Torre del Mar
- Full name: Unión Deportiva Torre del Mar
- Founded: 1971
- Ground: Juan Manuel Azuaga Torre del Mar, Vélez-Málaga, Spain
- Capacity: 2,000
- Chairman: Francisco Ocampo
- Manager: Alfonso Vera
- League: Tercera Federación – Group 9
- 2025–26: Tercera Federación – Group 9, 3rd of 18
| Home colours | Away colours |

= UD Torre del Mar =

Association football club in Spain

Unión Deportiva Torre del Mar is a Spanish football team based in Torre del Mar, Vélez-Málaga, in the autonomous community of Andalusia.
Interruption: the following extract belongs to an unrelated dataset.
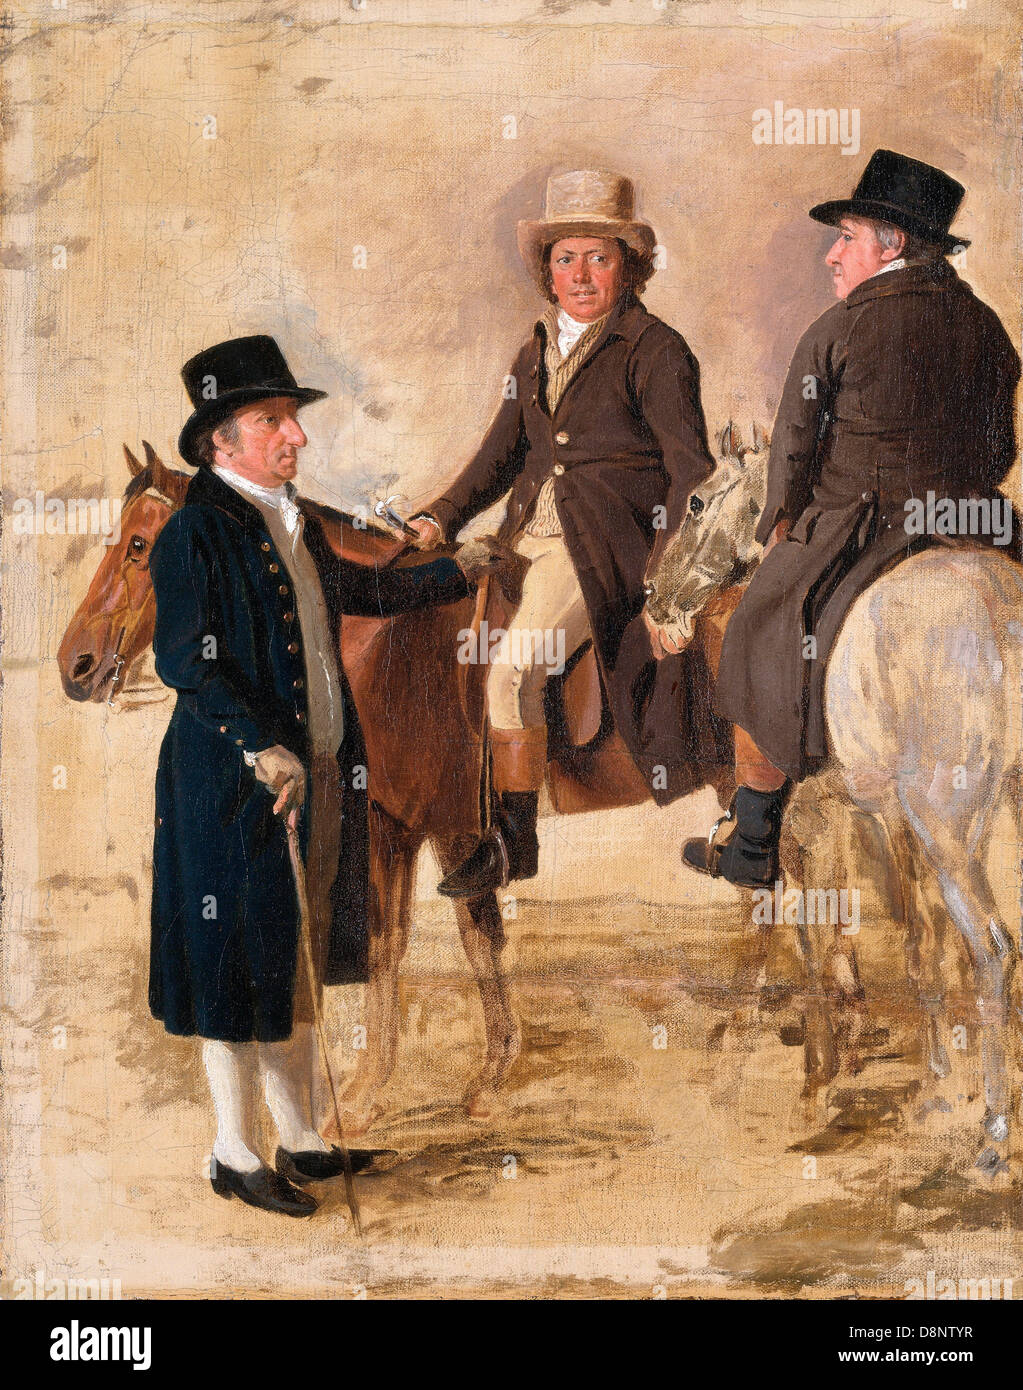 Benjamin Marshall, John Hilton, Judge of the Course at Newmarket; John Fuller, Clerk of the Course; and John Stevens, - Stock Image

Founded in 1971, it currently plays in , holding home matches at Estadio Juan Manuel Azuaga, with a 2,000-seat capacity.

==History==
Founded in 1971 as Club Deportivo Torre del Mar, the club was renamed to Unión Deportiva Torre del Mar in 1974. After playing several years in the Regional Preferente, the club went into inactivity in 2014, only returning one year later.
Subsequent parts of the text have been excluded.